American actress, model, comedian, screenwriter and singer (1907–1976)

Catherine Rosalind Russell (June 4, 1907 – November 28, 1976) was an American actress, model, comedian, screenwriter, and singer, known for her role as fast-talking newspaper reporter Hildy Johnson in the Howard Hawks screwball comedy His Girl Friday (1940), opposite Cary Grant, as well as for her role of catty Sylvia Fowler in George Cukor's The Women (1939), opposite Joan Crawford and Norma Shearer, and for her portrayals of Mame Dennis in the 1956 stage and 1958 film adaptations of Auntie Mame, and Rose in Gypsy (1962). A noted comedienne, she received various accolades, including five Golden Globe Awards and a Tony Award, in addition to nominations for four Academy Awards and a BAFTA Award. Russell has been honored with a Jean Hersholt Humanitarian Award in 1973 and Screen Actors Guild Life Achievement Award in 1975.
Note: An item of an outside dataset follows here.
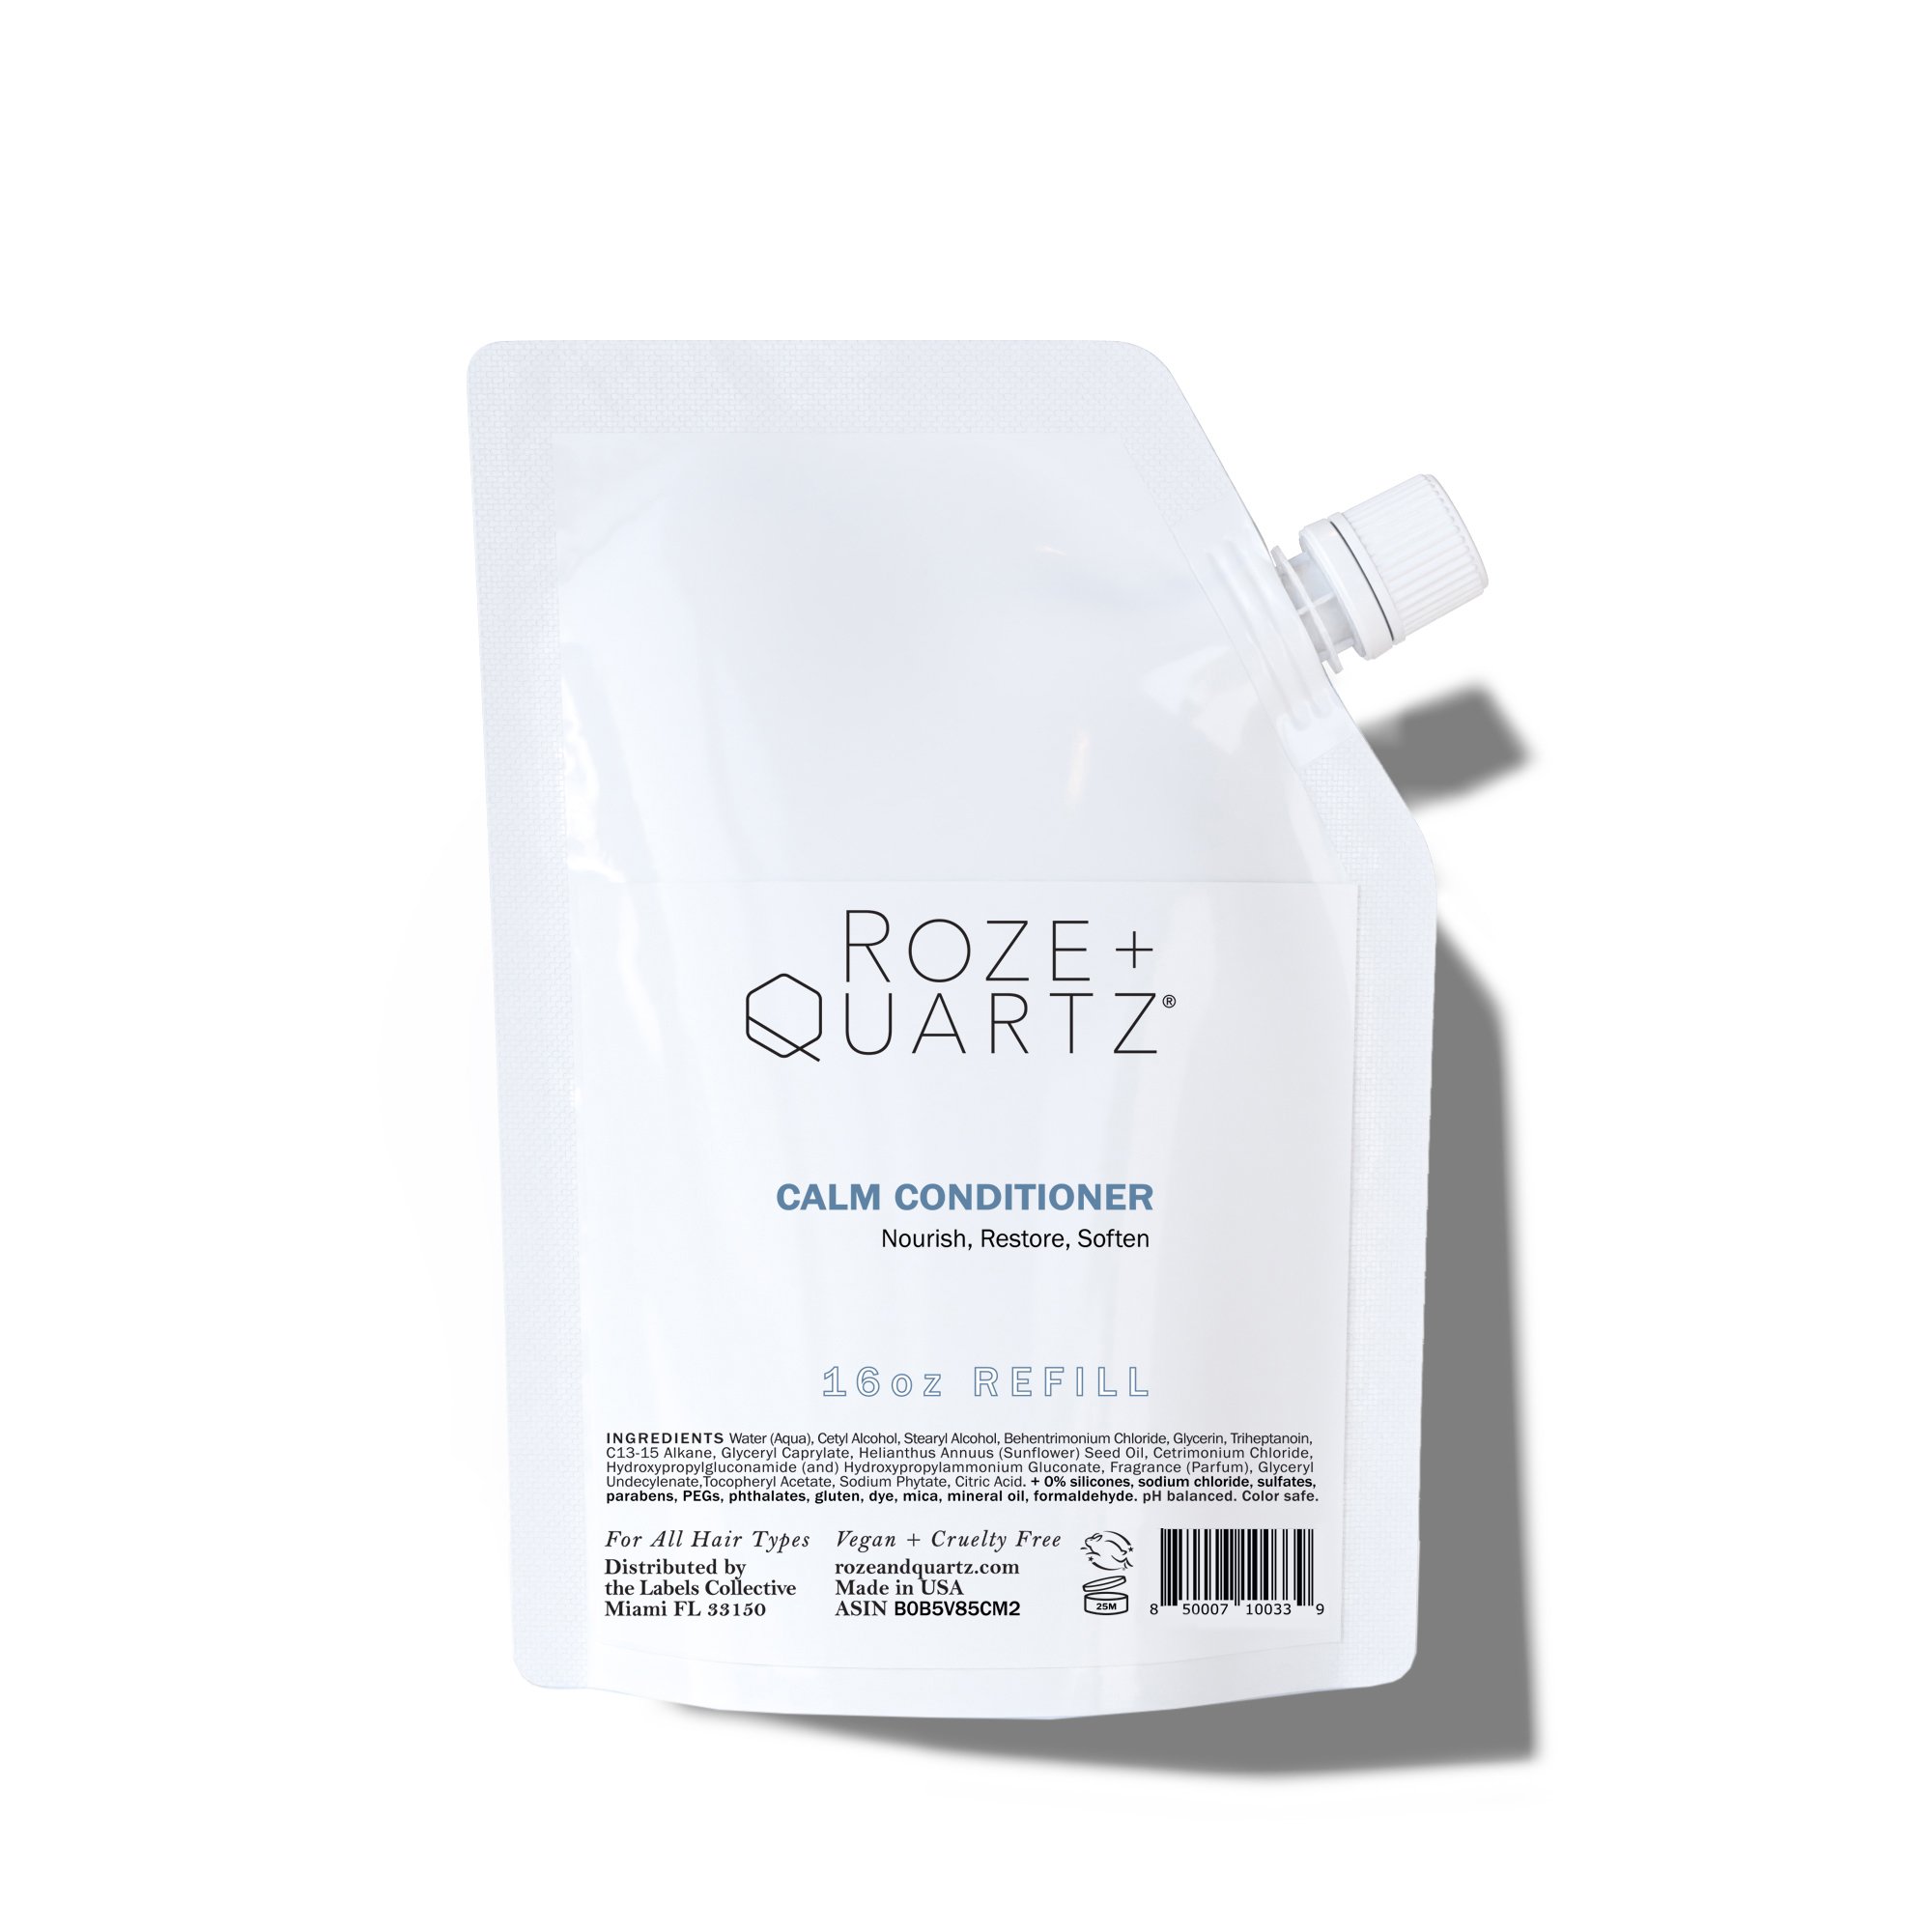 Roze + Quartz Calm Conditioner REFILL 16oz_SHADOW.jpg

In addition to her comedic roles, Russell was known for playing dramatic characters, often wealthy, dignified, and stylish women. She was one of the few actresses of her time to portray women in professional roles such as judges, reporters, and psychiatrists. Russell's career spanned from the 1930s to the 1970s and she attributed this longevity to the fact that, although she had many glamorous roles, she never became a sex symbol.

==Early years==
Catherine Rosalind Russell was one of seven children born in Waterbury, Connecticut, to James Edward, a lawyer, and Clara A. Russell (née McKnight), a teacher. The Russells were an Irish-American, Catholic family. She was named after a ship on which her parents had traveled. Russell attended Catholic schools, including the women-only Rosemont College in Rosemont, Pennsylvania, and Marymount College in Tarrytown, New York. She then attended the American Academy of Dramatic Arts in New York. Her parents thought Russell was studying to become a teacher and were unaware that she was planning to become an actress. Upon graduation from the performing arts school, Russell acted in summer stock and joined a repertory company in Boston.

==Career==
===Early career===
Russell began her career as a fashion model and was in many Broadway shows. Against parental objections, she took a job with a stock company for seven months at Saranac Lake, New York, and then Hartford, Connecticut. Afterward, she moved to Boston, where she acted for a year with a theater group run by Edward E. Clive. Later, she appeared in a revue in New York (The Garrick Gaieties). There, she took voice lessons and had a brief career in opera, which was cut short because she had difficulty reaching high notes.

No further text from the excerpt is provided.